程式扎記

Preface
Files and Directories Used in this Exercise

Eclipse project: partitioner
Java files:
MonthPartitioner.java (Partitioner)
ProcessLogs.java (Driver)
CountReducer.java (Reducer)
LogMonthMapper.java (Mapper)

Test data (HDFS):
weblog (full web server access log)
testlog (partial data set for testing)

Exercise directory: ~/workspace/partitioner

In this Exercise, you will write a MapReduce job with multiple Reducers, and create a Partitioner to determine which Reducer each piece of Mapper output is sent to.

The Problem
In the "More Practice with Writing MapReduce Java Programs" exercise you did previously, you built the code in log_file_analysis project.
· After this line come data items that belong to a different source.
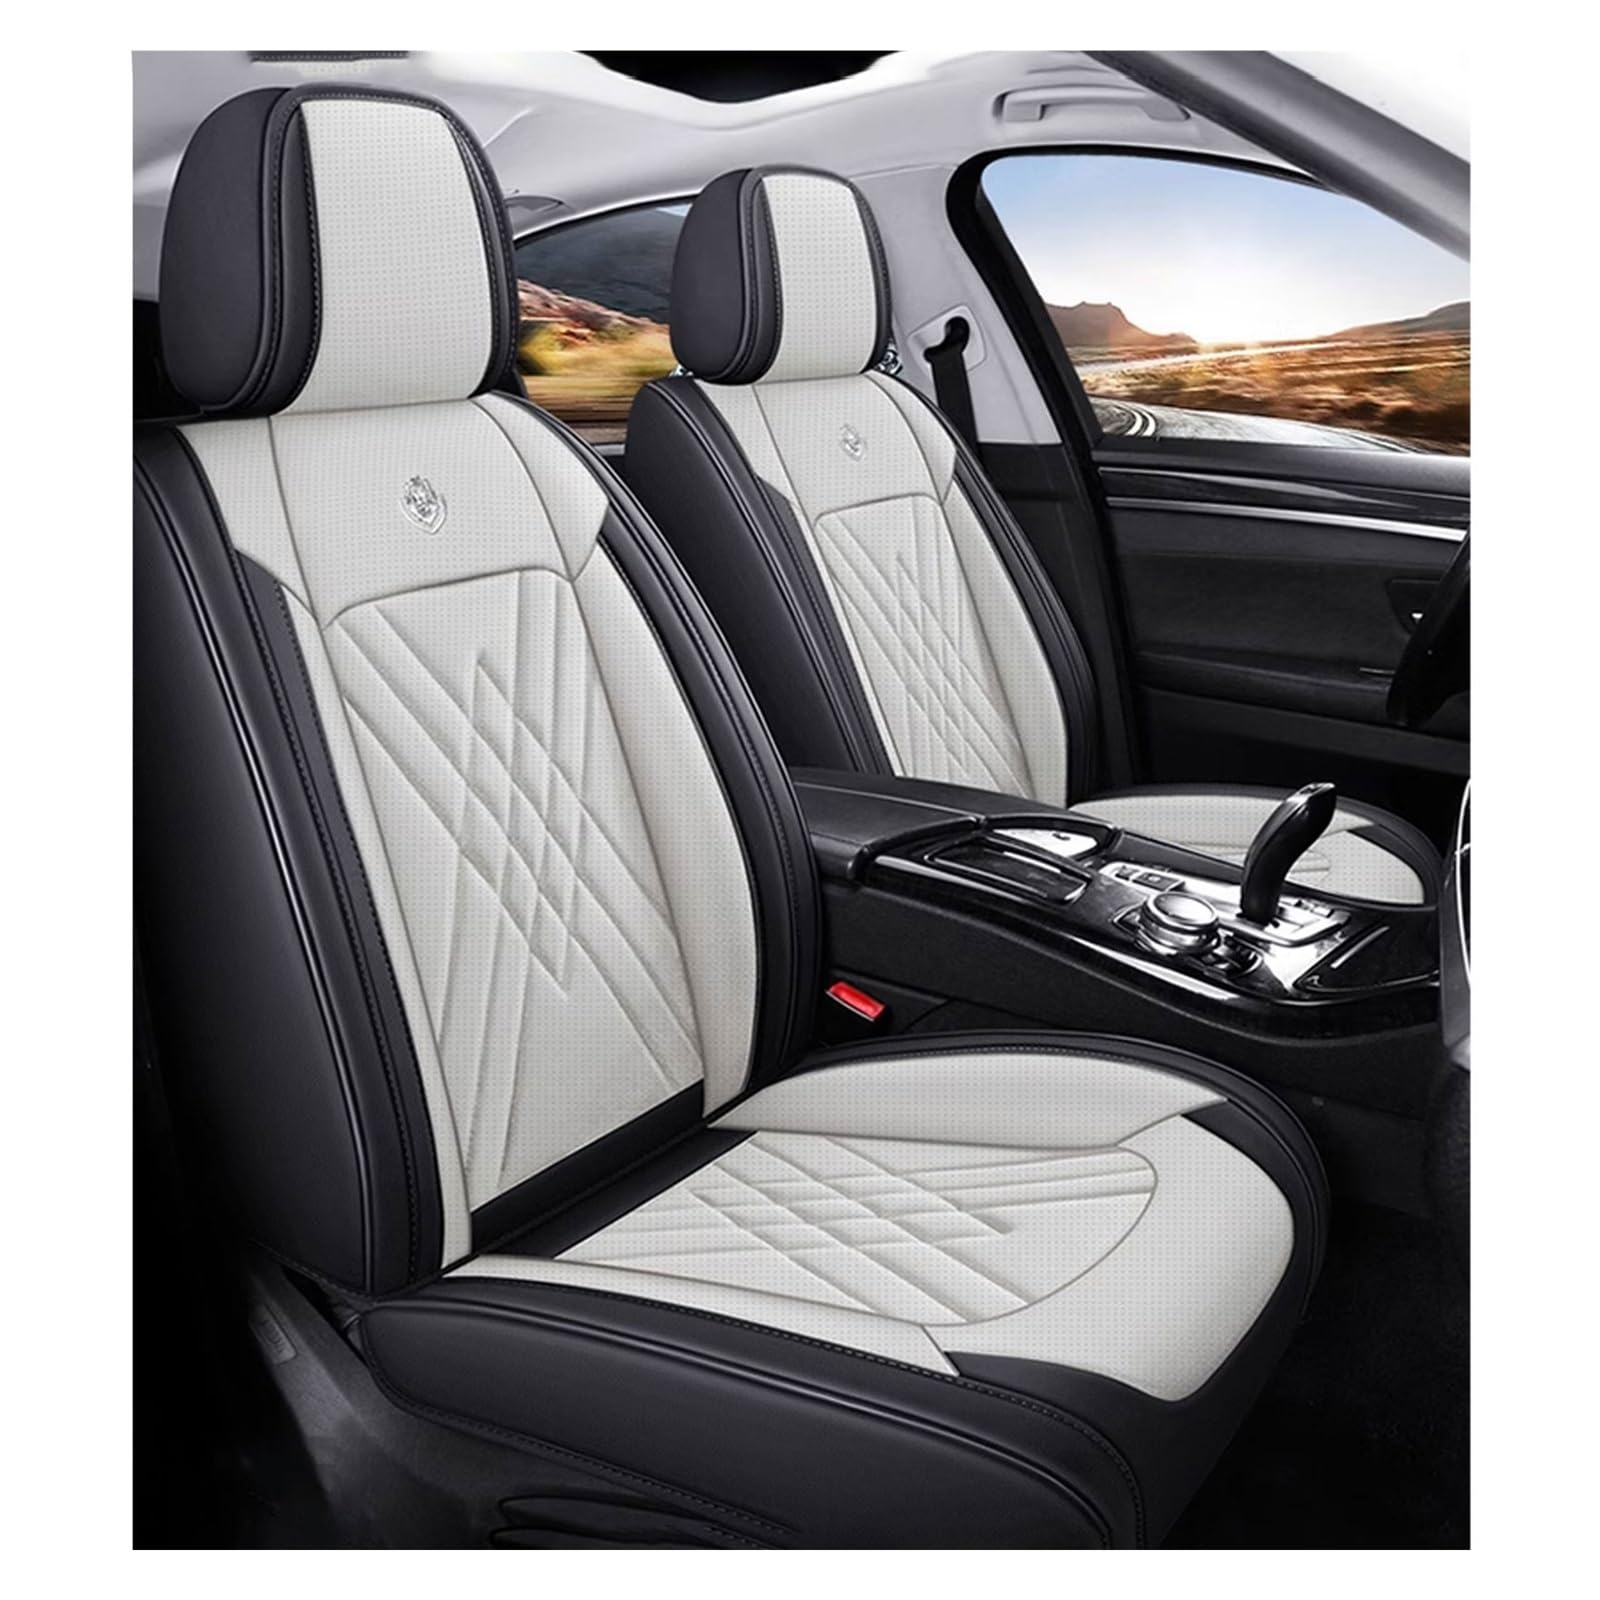 WEBOL Universal-Sitzbezug Komplett-Set Für Dodge Caliber SRT4, AutositzbezüGe Set Leder, 5-Sitze Universal-SitzbezüGe Auto Komplettset(C) von WEBOL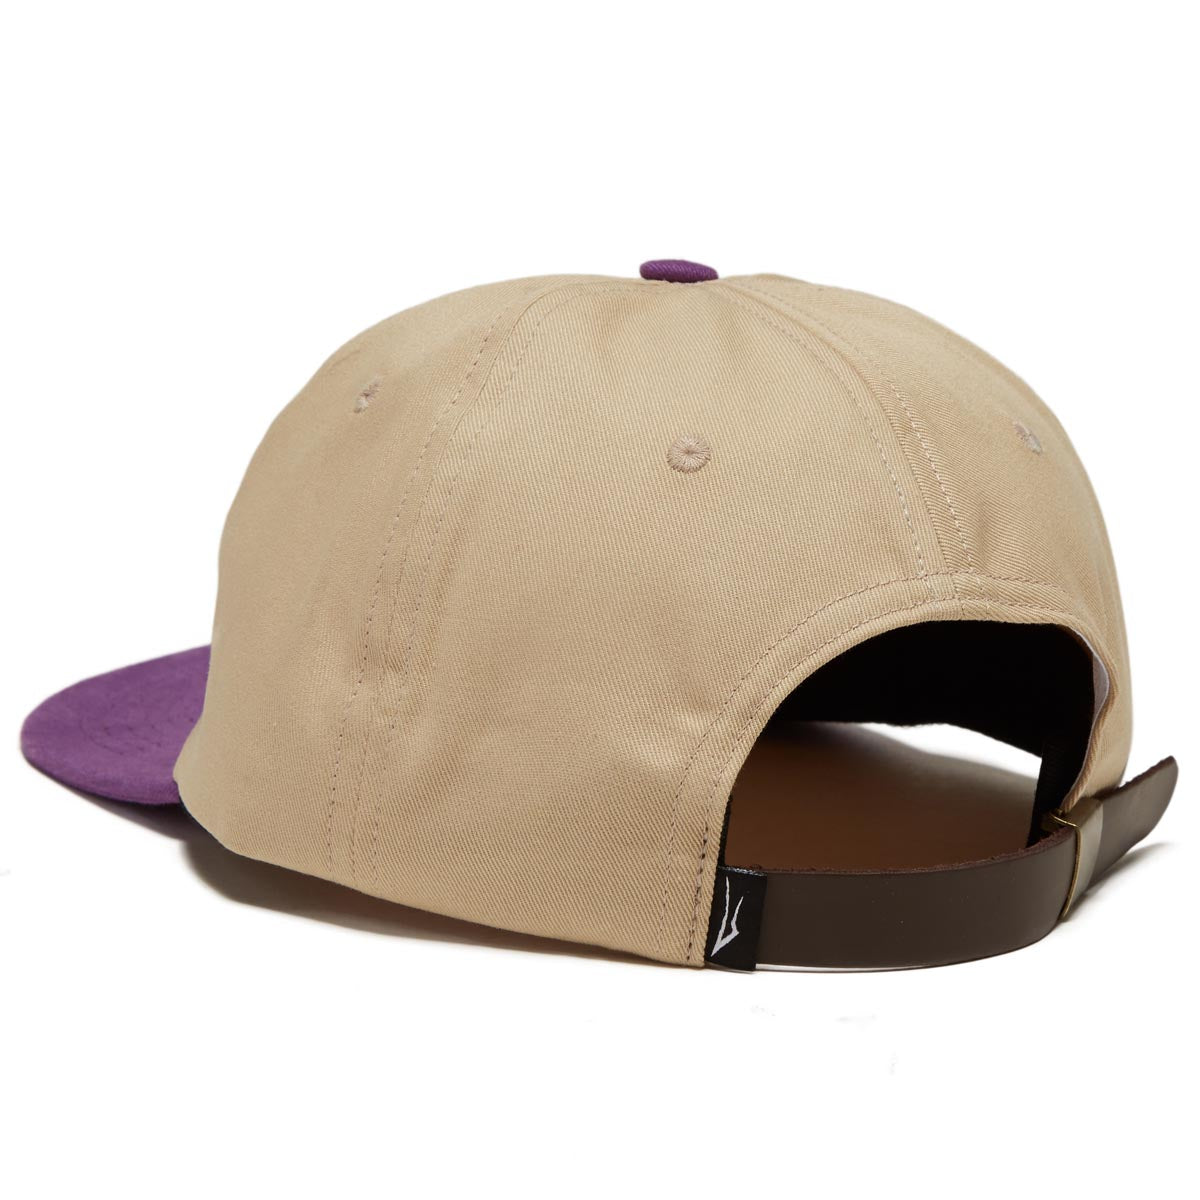 Lakai Sunny Polo Hat - Tan/Purple image 2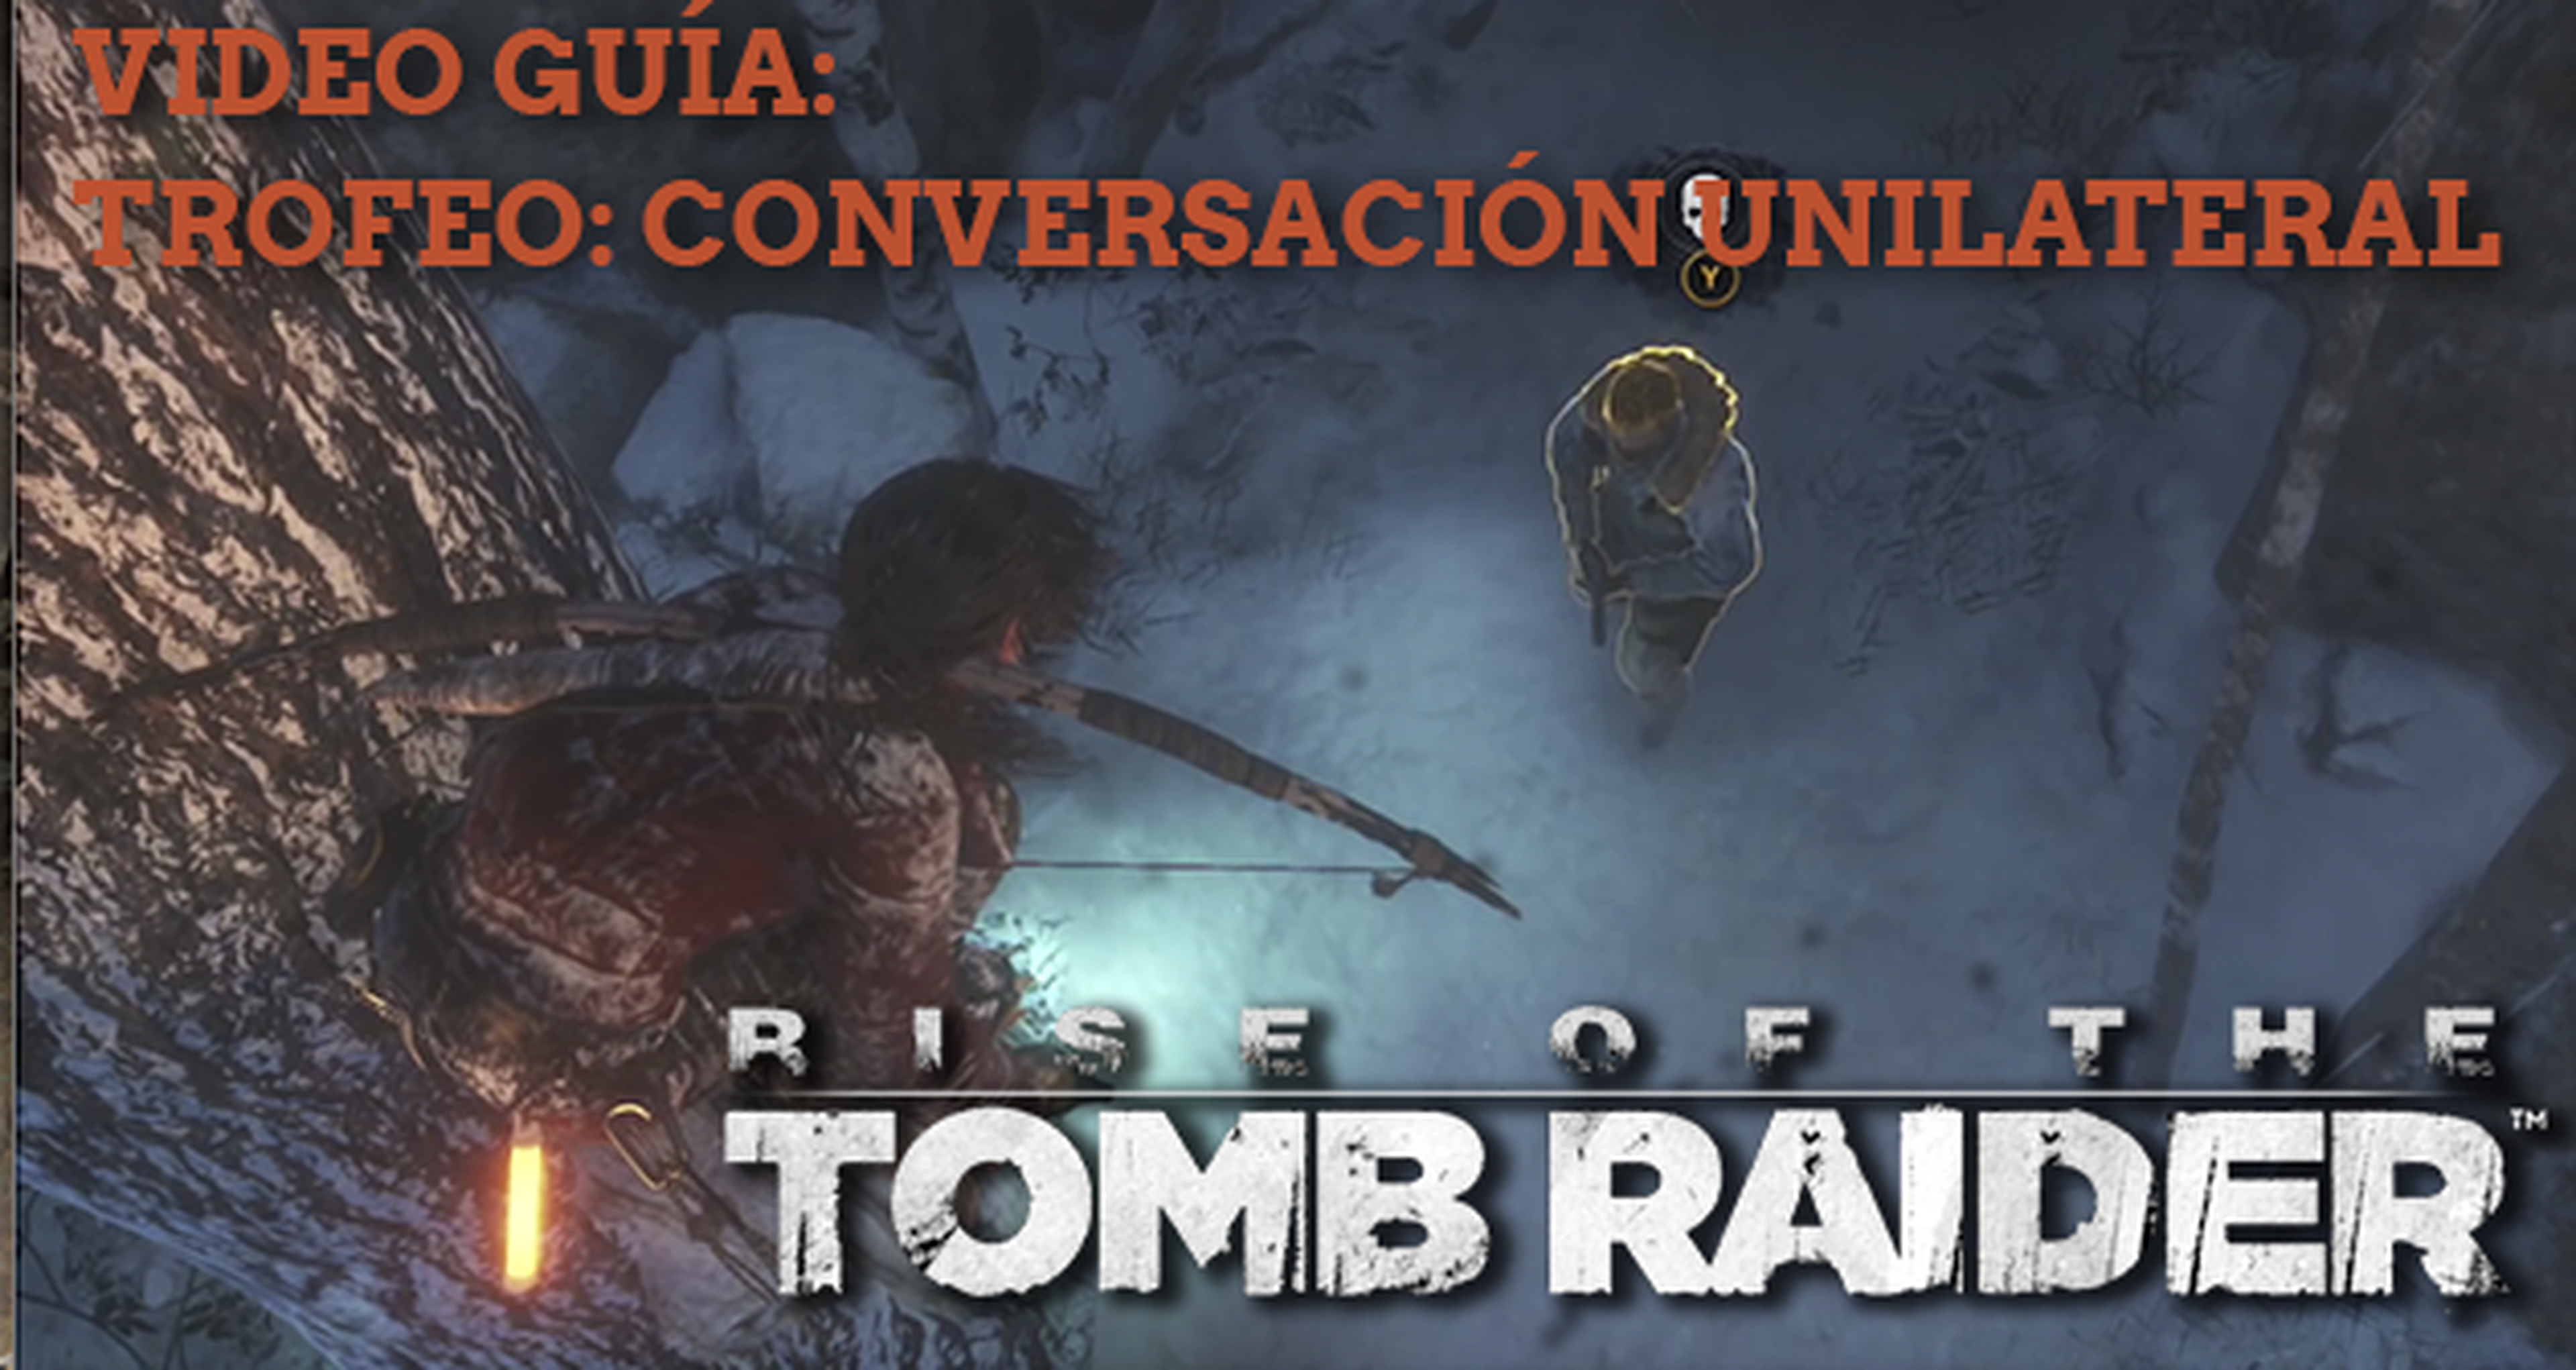 Guía de Rise of the Tomb Raider: cómo conseguir el trofeo Conversación unilateral

That program counted the number of hits for each different IP address in a web log file. The final output was a file containing a list of IP addresses, and the number of hits from that address.

This time, we want to perform a similar task, but we want the final output to consist of 12 files, one each for each month of the year: January, February, and son on. Each file will contain a list of IP address, and the number of hits from that address in that month.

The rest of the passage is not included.